I have four of the Western Digital Caviar SE16 500 GB WD5000AAKS 16 MB SATA-II 300 MB/s hard drive models. Previously I had them configured in a 2.0 TB (1.5 TB usable) array on my Silicon Image 3114 PCI SATA-I 150 MB/s RAID 0,1,5 Onboard Controller with firmware 5.4.03. One day I lost came home to find that 3 drivers dropped out of the array and only 1 drive was left and that the array was destroyed. Luckily the array was used mostly for archive storage for videos that I routinely backed up to DVD's so I didn't lose any data. (I presume that only the one drive that was left in the array was the cause of the problem, timing out too long while doing error recovery on a bad sector, that actually caused the other 3 drives from being dropped, instead of vice versa as it should have happened.)

None of the utilities that Silicon Image provides were able to restore the array from the other 3 drives, even though the drives that dropped should have been able to be brought online as an array and the single drive left in the array should have been able to be brought back in and rebuilt. I e-mailed the vendor with a complete case report and all details but nobody responded. An understandable experience with a second-rate foreign vendor that mostly supplies motherboard manufacturers with crappy software RAID chips. (The array while it was operational for many months was dog slow because it was software RAID5 and the parity calculations were interrupting the CPU constantly on every write making my system slow and unresponsive any time I would perform any extended writes to the array. Learned my lesson to never use Silicon Image PCI based software RAID5 and recommend against these chips now to everyone.)

After that experience I took my drives off the cheap Silicon Image controller and made a nVidia RAID1 (mirror) array with 2 x 500 GB and then took the other two drives to be used for external storage for on-site and off-site storage drives. A few months back I came back home to find that one of the drives in the new array with an Error status. After rebooting the system and re-adding the drive to the array everything worked fine without any errors. Last week the same thing happened again and the drive dropped from the array again. I re-added it and no errors were found and the array is running again.

So today I went to research what was causing this and I came across a mention of the Time-Limited Error Recovery feature on the Western Digital RE models. The explanation of TLER that feature sounded exactly like the problem that I was having.

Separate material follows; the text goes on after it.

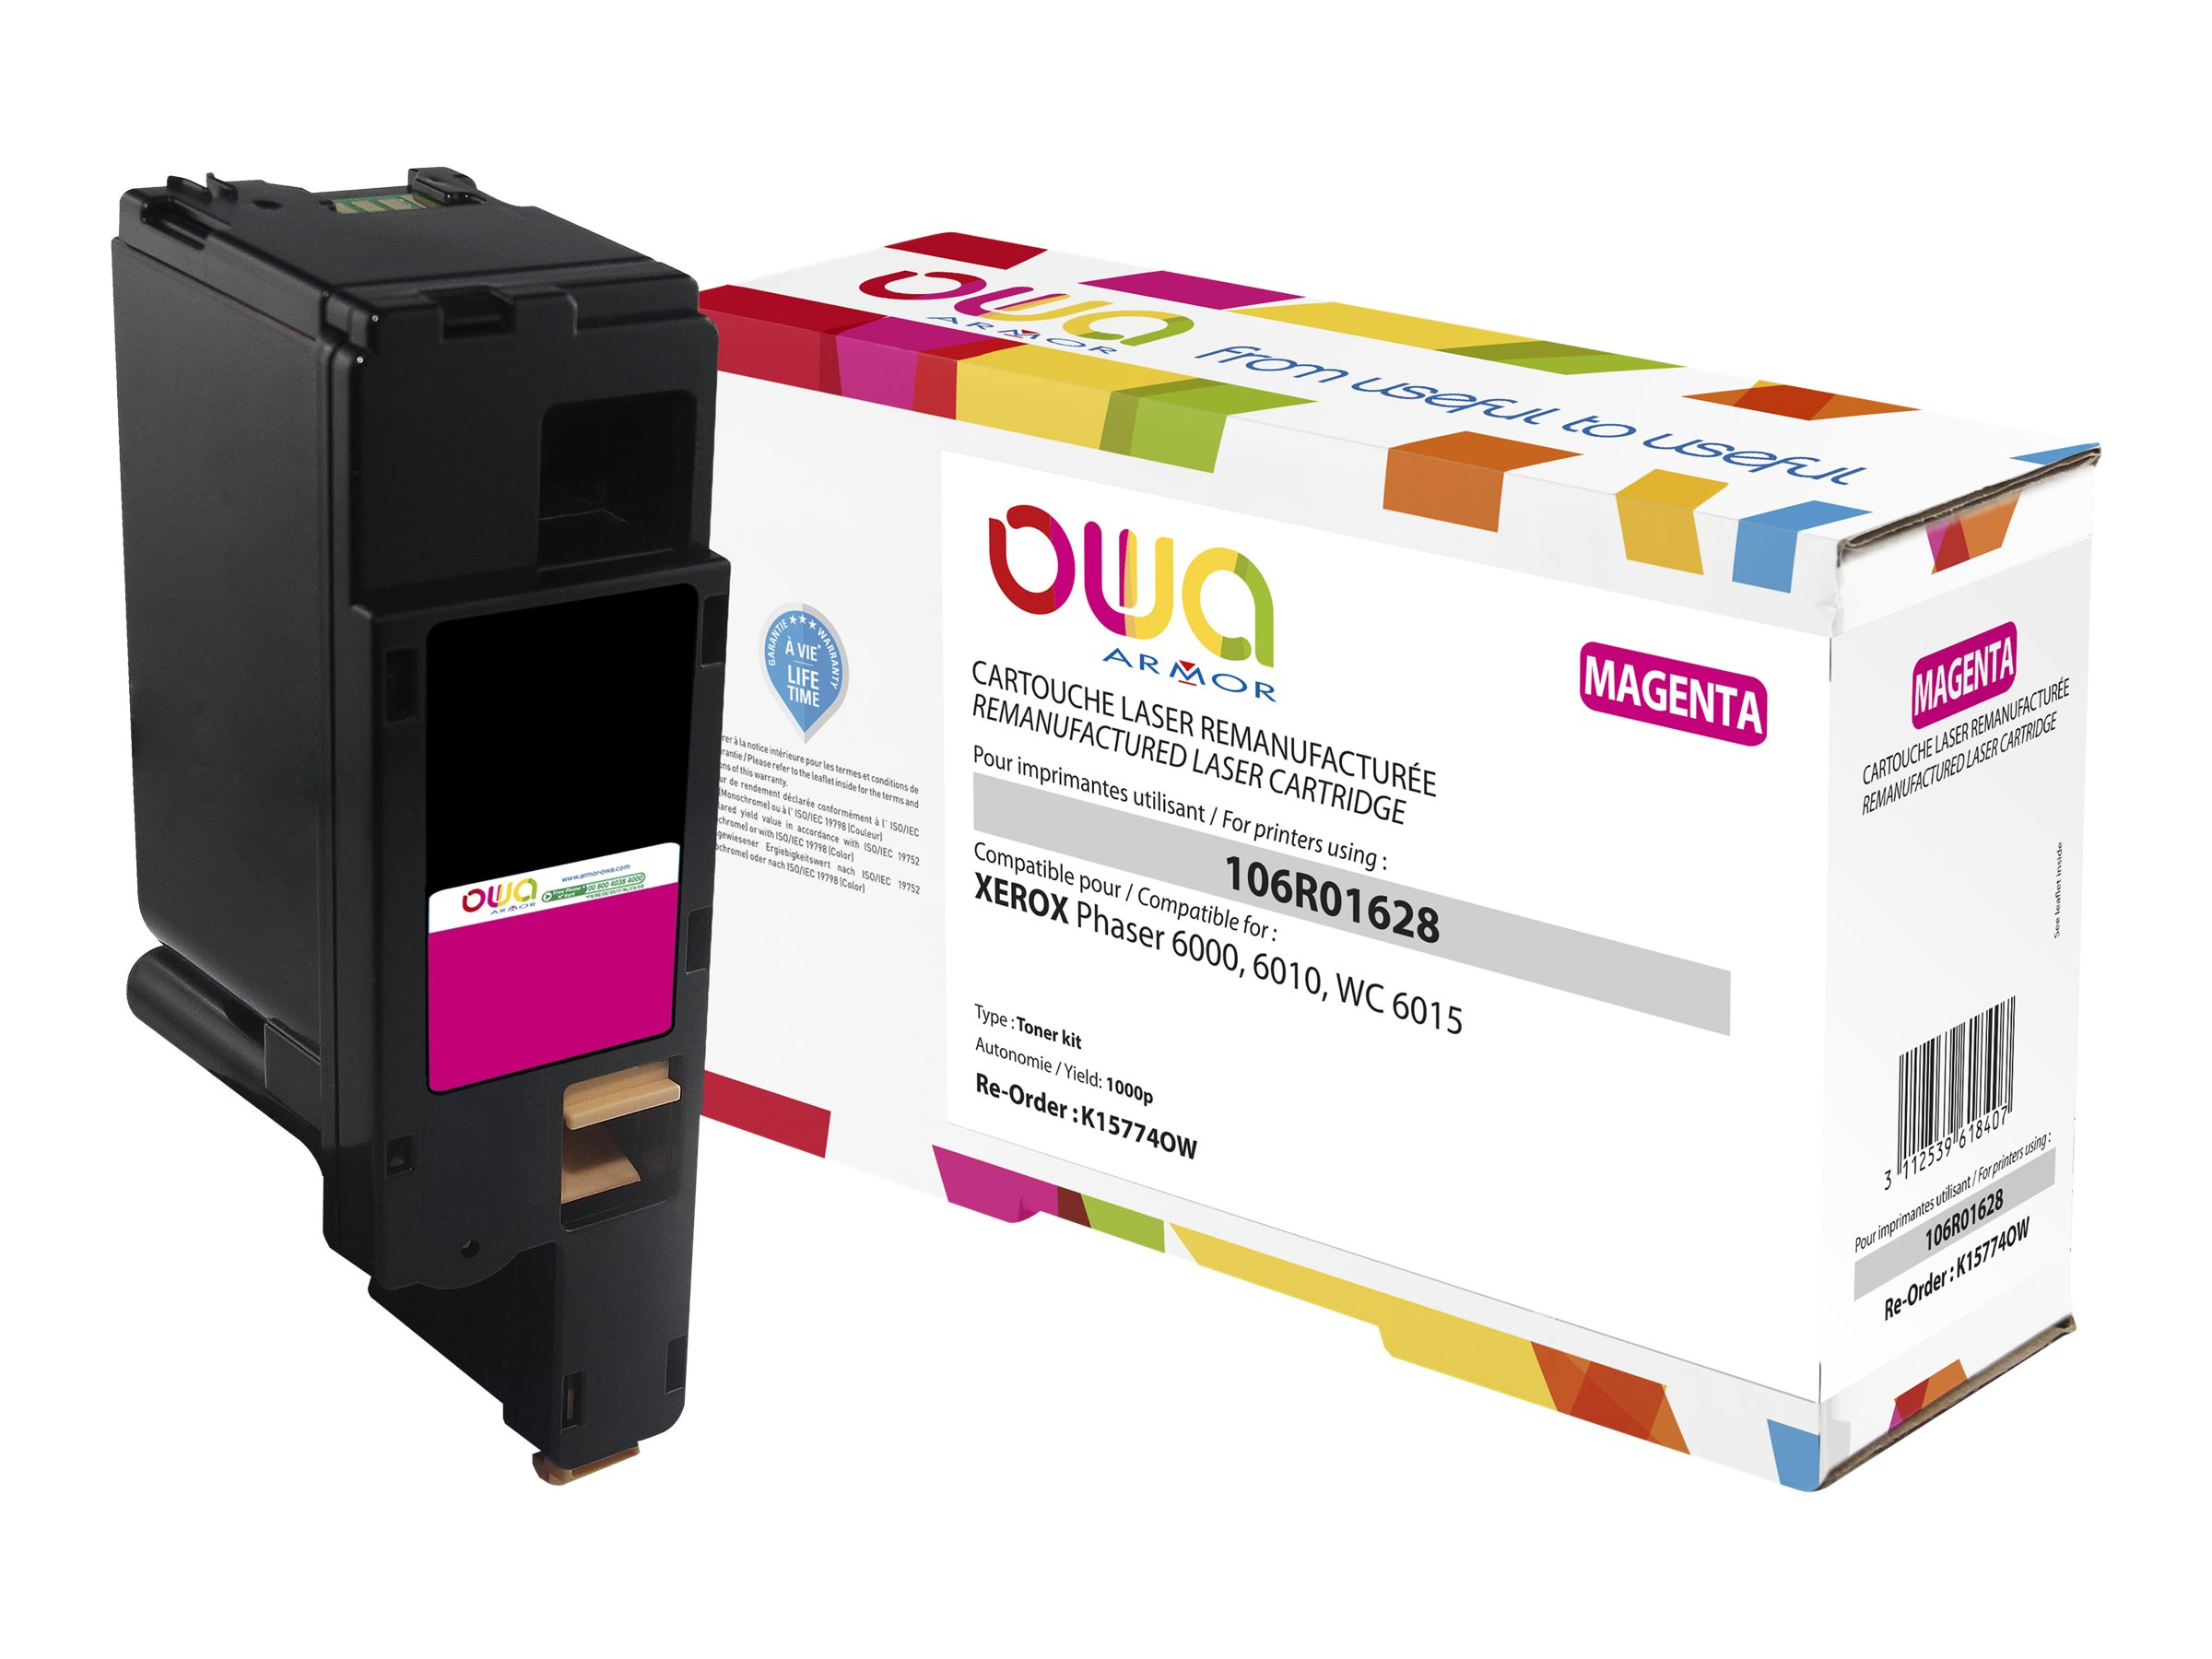 Xerox 106R01628 - remanufacturé OWA K15774OW - magenta - cartouche laser

After more research I found the WDTLER utility that runs from a DOS boot disk.

I used this utility to enable TLER on my SE16 drives to prevent them from timing out too long during error recovery on my RAID1 arrays and hopefully this issue with dropped drives will not happen again.

If you have a Western Digital Caviar SE, SE16, GP or Raptor hard disk drive being used in a RAID array make sure to Enable TLER using the WDTLER utility to put a limit on the error recovery time from a read or write error due to a bad sector or the RAID controller/driver will drop your hard disk from the array thinking that it has failed any time that the hard drive takes too long to recover.

If you have a Western Digital Caviar RE, RE2, RE2-GP or Raptor hard disk drive being used as a stand-alone desktop drive that is not in a RAID array then you should Disable TLER using the WDTLER utility to give the drive more time to recover from read or write errors due to bad sectors.

If your hard disk is dropped from an array it will need to be re-added manually requiring the entire hard disk to be rebuild and resynchronized with the array causing you performance problems. If two hard disks happen to be dropped from the array at around the same time then your array will be marked as damaged and the data in the array will be destroyed requiring a complete restore from backup or a manual recreation of the array using the vendor's specialized tools.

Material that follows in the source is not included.